Hormônios

Voltando da aula com o Zé, resolvi perguntar se ele não queria para ali na casa do D. para a gente ficar conversando um pouco. Eu queria ver sobre a minha ida à Lorena, para um vestibular que vou fazer domingo agora (*esse vestibular já foi feito), visto que o D. estuda na universidade. Saber quais ônibus pegar, blablablá. No final o próprio Zé se antecipou à resposta que pedi ao D. e me informou. Mas foi bom ter parado ali e também não foi.

Bom por ver o D., amigão do colegial e uns dos poucos amigoamigo que tenho nessa cidade. Sair na rua e conversar com quem gostamos é viver e deixar um pouco de só existir, além de ser um prazer. O grupo de rapazes na calçada, dois com suas bicicletas por estarem voltando da aula, eram: Eu, Zé, D. e irmão do D.

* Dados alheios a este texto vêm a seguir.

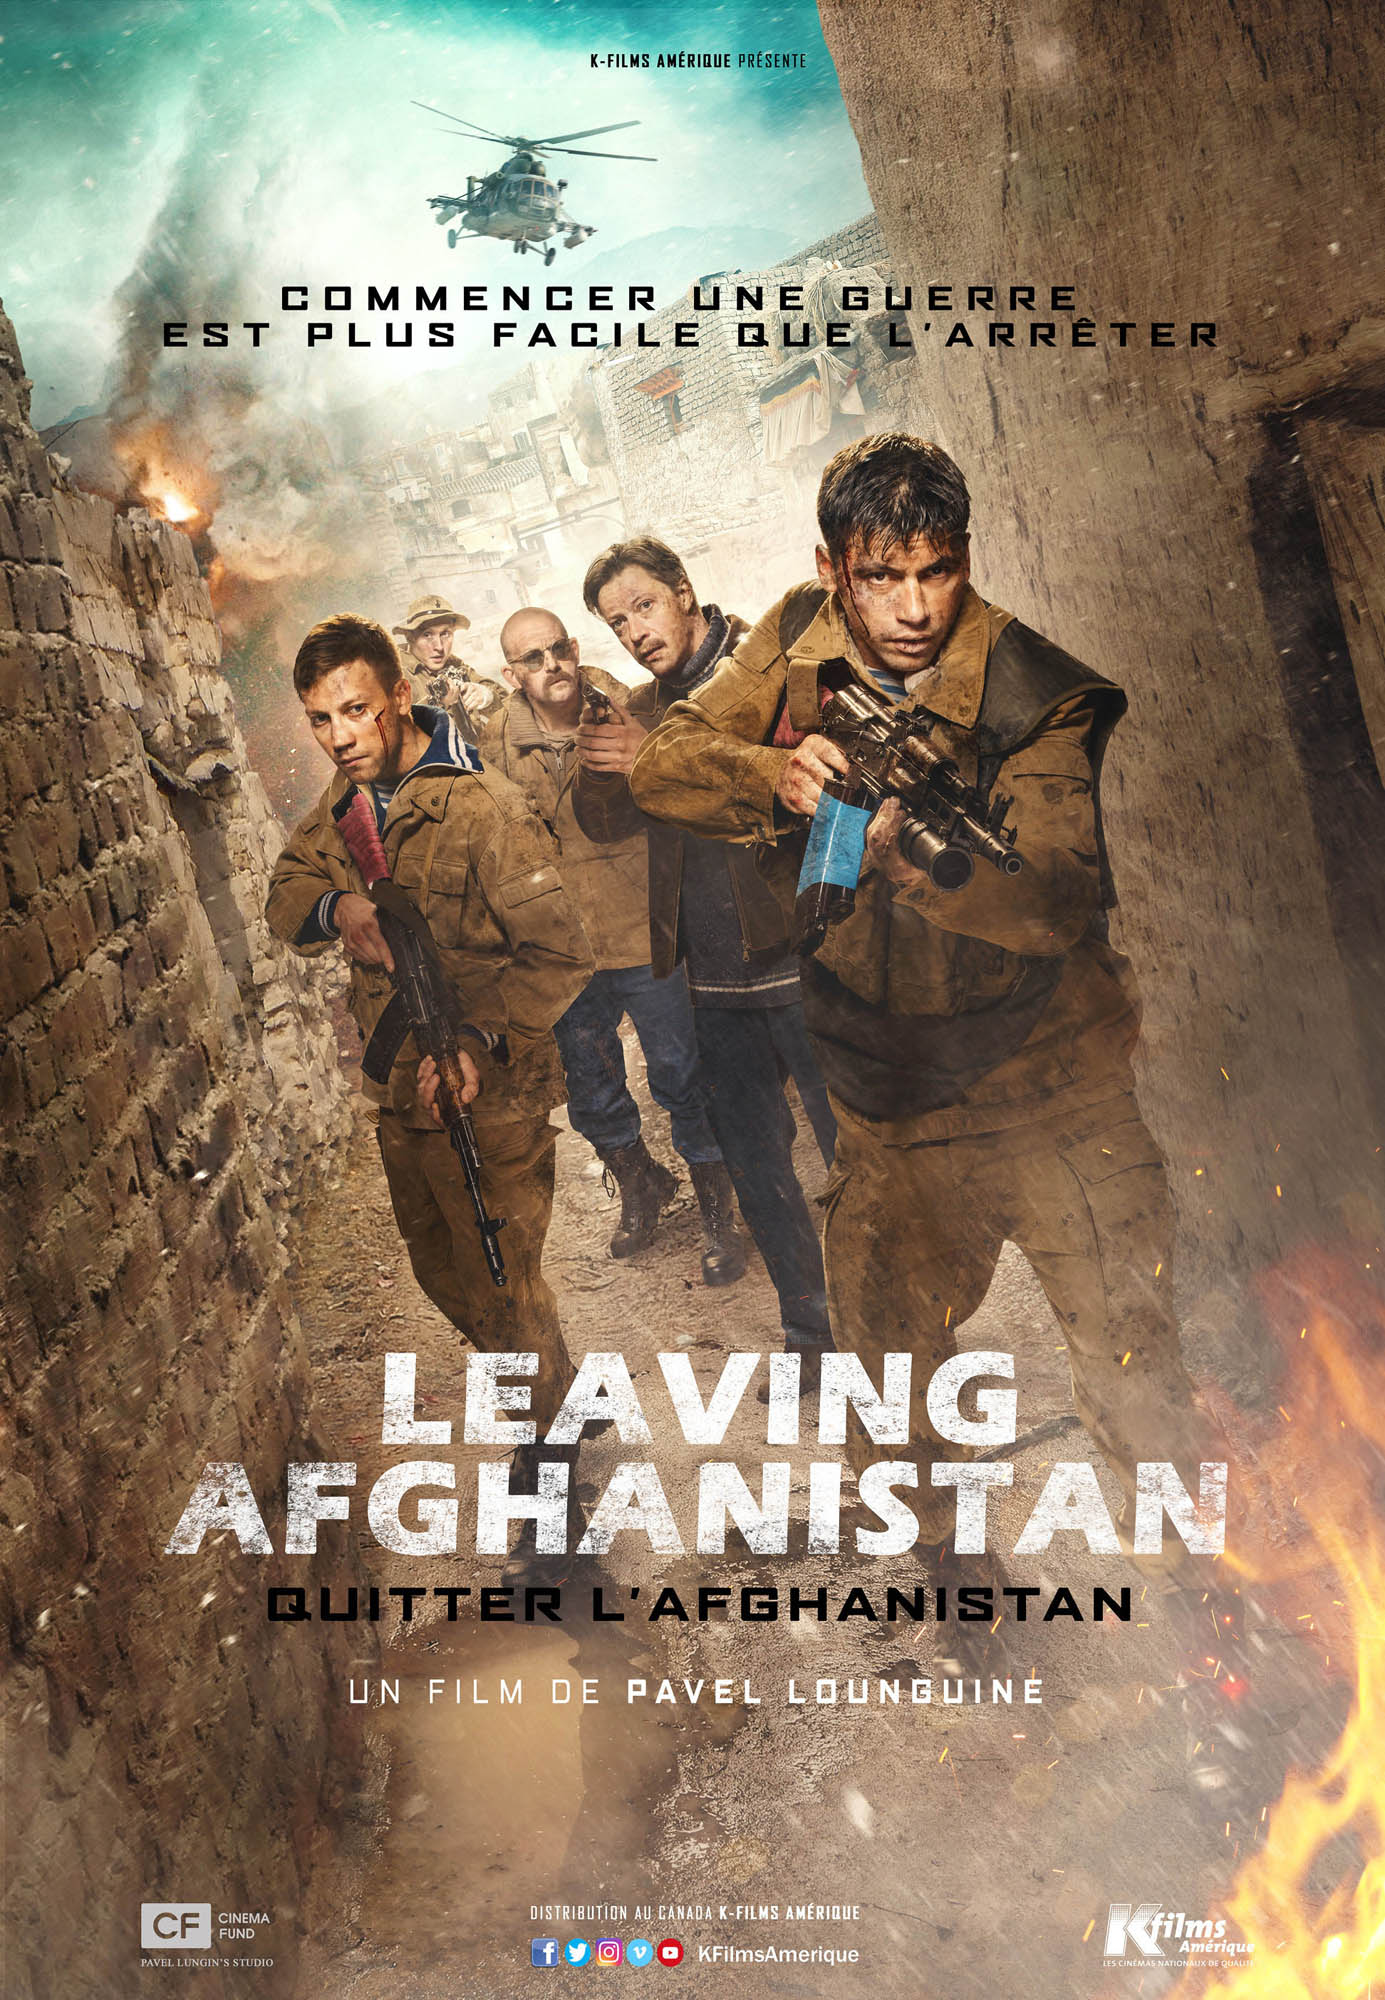 LEAVING AFGHANISTAN (Quitter l’Afghanistan)
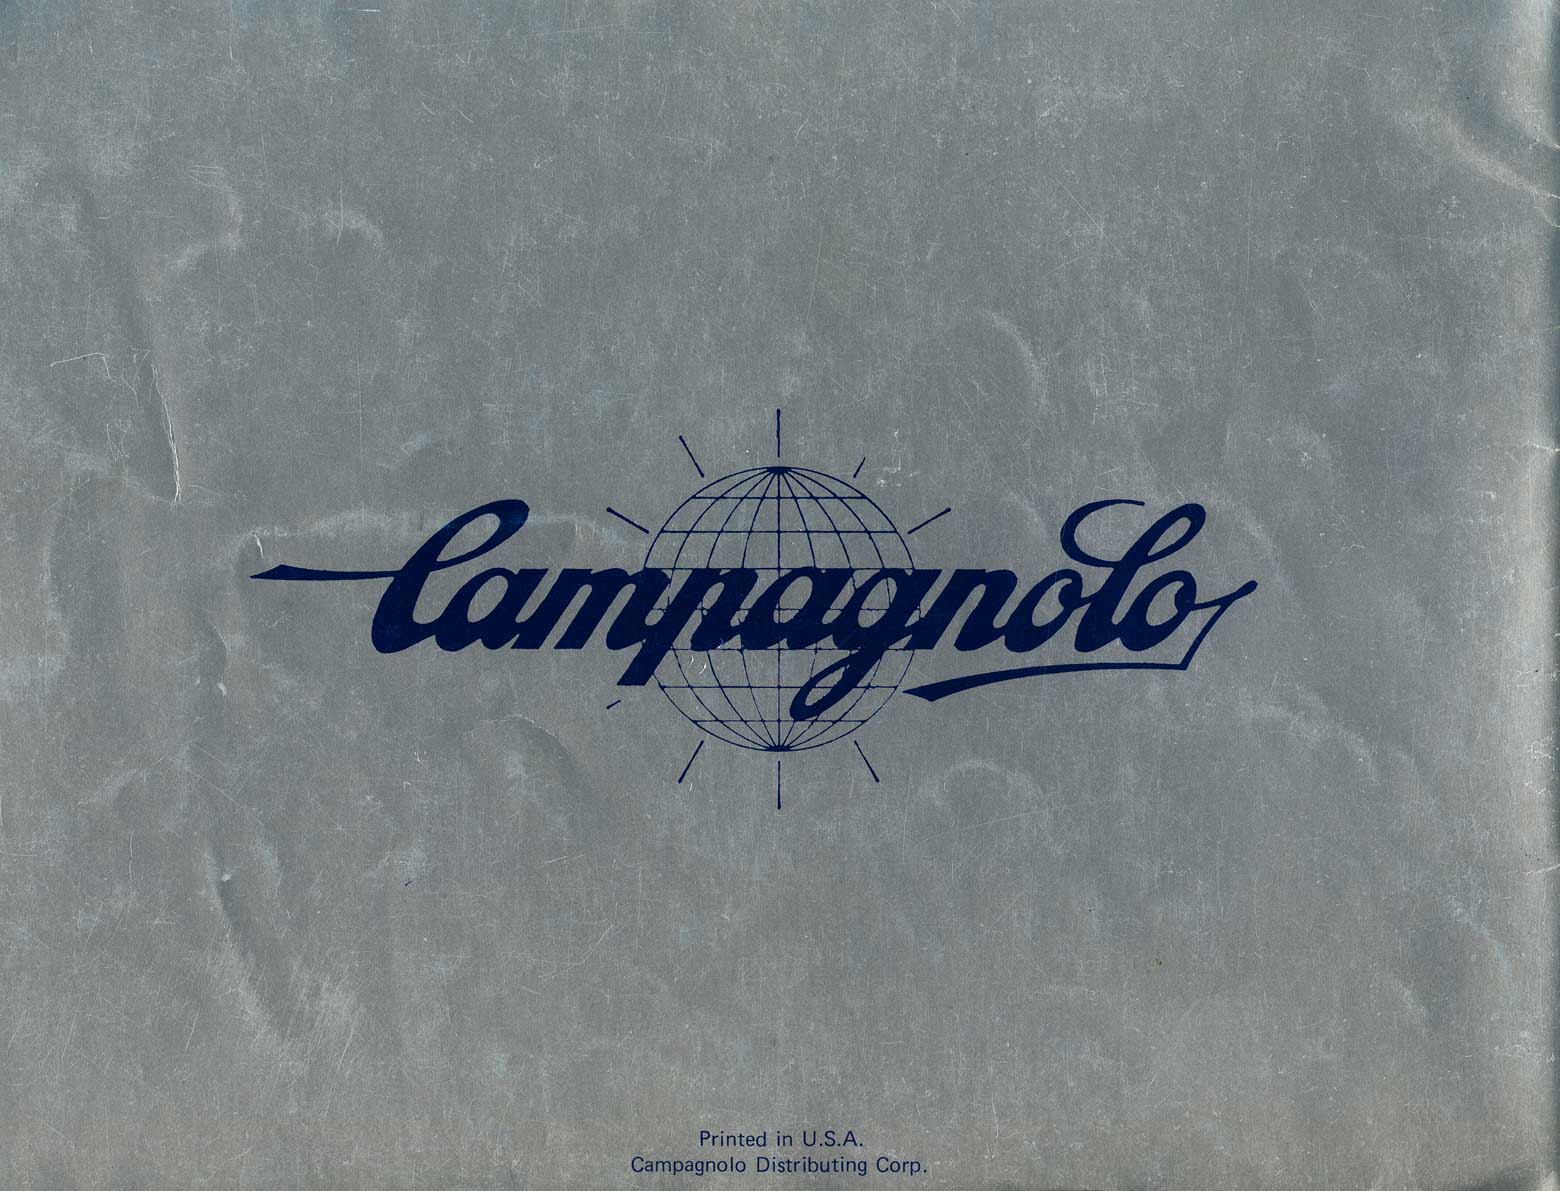 Campagnolo - Catalog 17a rear cover main image

O lado ruim. Bem, eu quase não falei na nossa conversa. Eu já tenho uma tendência a ficar mais calado em grupos e não que eu esteja viajando o tempo todo, seja tímido... não é isso; muitas vezes percebo que estou mais concentrado no assunto do que os próprios argumentantes que, falando, viajam às vezes. Eu tenho um certo prazer por "gerenciar" a conversa, mesmo que só para mim. Ver quando um assunto foi cortado por um outro que passou com "um shortinho" do outro lado da calçada em frente à padaria, ver qual assunto era esse. Lembrar dele para voltarmos com a conversa caso a distração vire na primeira esquina e venha a clássica pergunta após interrupções: "Do que a gente tava falando mesmo?". Bem, o Vitor lembra. O desgraçado do Vitor sempre lembra! E costuma ser aí que eu entro mais nos diálogos e meus pensamentos têm a chance de se transformarem em comentários espontâneos (bons ou infelizes, mas, se infeliz, a galera "paga um sapo" da sua cara, damos uns risos e "de boa", sossegado - quase nunca encano com gafes, pelo menos na hora, entre amigos; na hora até entendo o erro, mas vou perceber a gravidade dele um tempo depois. Medir seu tamanho? Só depois). Ainda não apresentei o lado ruim. Vamos lá.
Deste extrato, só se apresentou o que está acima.